By calling the function __bpf_prog_run32 Berkley Packet Filter bytecode can be used for an arbitrary read/write/execute primitive in the kernel. There was some mitigations in place that make privilege escalation harder but they are bypassable (just not done in this post).

Dropbox does a lot of obfuscation and encryption on the network traffic and native clients. The native client uses Python, but a heavily altered version.

The main Python interpreter (pyc file) is encrypted and the author could not find the key. Because of this, they altered a library to add a backdoor into it. Using this backdoor, it was trivial to execute code in the Python interpreter now.

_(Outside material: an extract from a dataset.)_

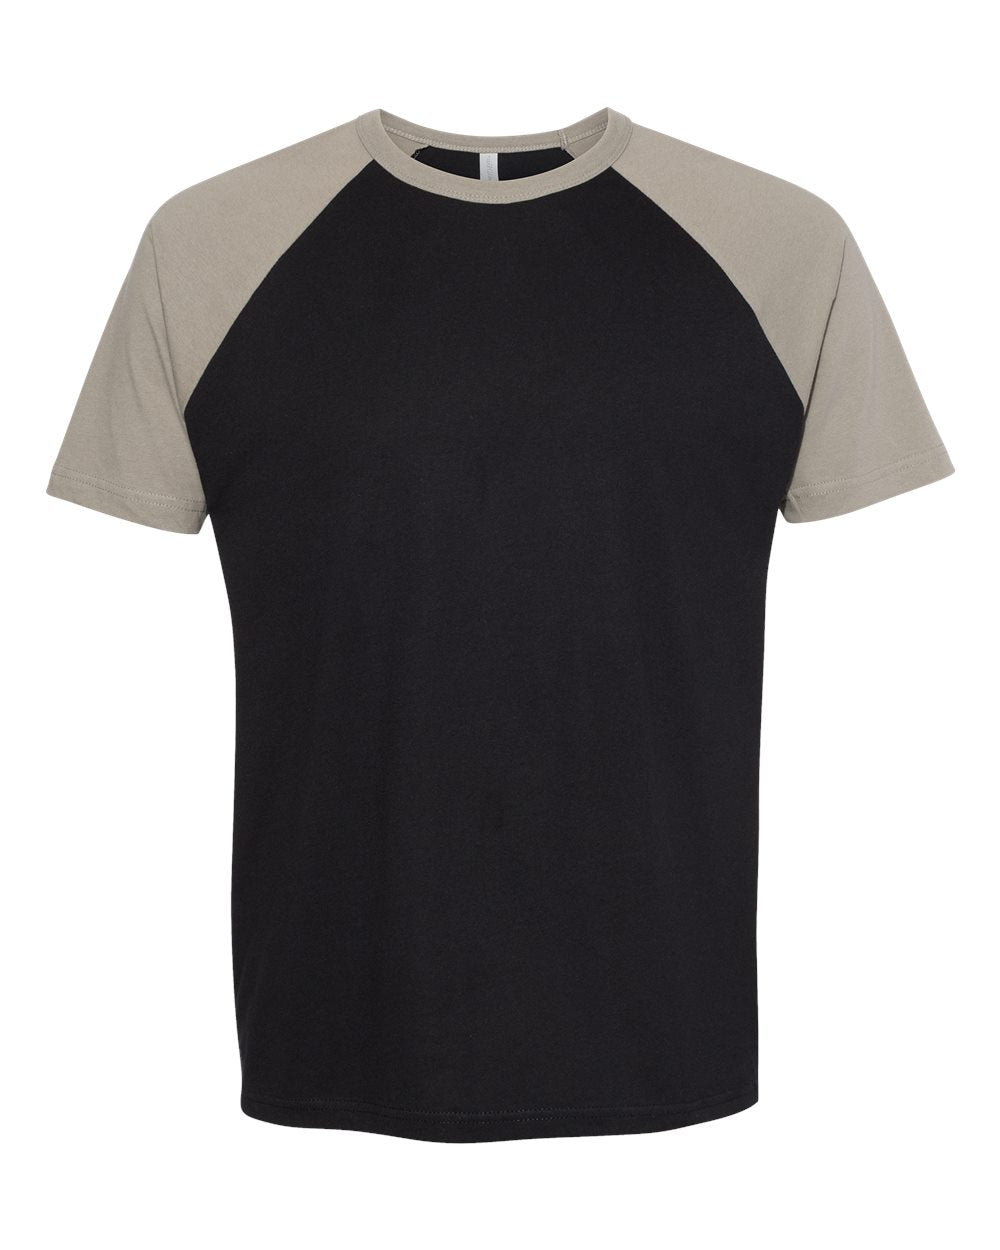 Adult Plain Raglan 3/4 T-Shirt - Orange Navy Medium | ILTEX Apparel

Several of the features that make Python easy to reverse were removed from the interpreter, such as co_code. Additionally, the Python disassembler had been removed. Finally, all of the opcodes had been completely remapped!

So, Vincent decided to remap the remapping! The idea is to take a common library, such as socket.py and do an opcode comparison to find the mapping changes. However, to even do this, the code objects had to be decrypted, which was done via some reverse engineering and scripting.

After the decrypting and remapping of the opcodes, the author could use the uncompyle6 tool to get back the original Python source code.

With the ability to patch the files now, they turned on debugging functionality and added the ability to inject code into the Dropbox process.

I really enjoy this article because the amount of references made to previous work; it makes me feel that we are standing on the shoulders of giants instead of figuring everything out for ourselves the first time.

After being able to inject JavaScript or HTML, most people just leave it there. But, what if you could only inject HTML and no JavaScript because of a secure CSP? Can anything be done?

The example of this is a parameter being reflected onto a login form. The site is Froxlor.

Using ONLY HTML contents, we can still leak some data; this technique is called dangling markup. In this case, the base element is used. This is because base will change the default location to send requests to.

When the user logs in to the site after clicking on the link with the dangling markup, the login request will be sent to our attacker controlled domain! So, an attacker now has access to the credentials of the user!

Using the base tag is one example of how this could be exploited; there was likely otherwise HTML could be used to perform actions, phish or leak data.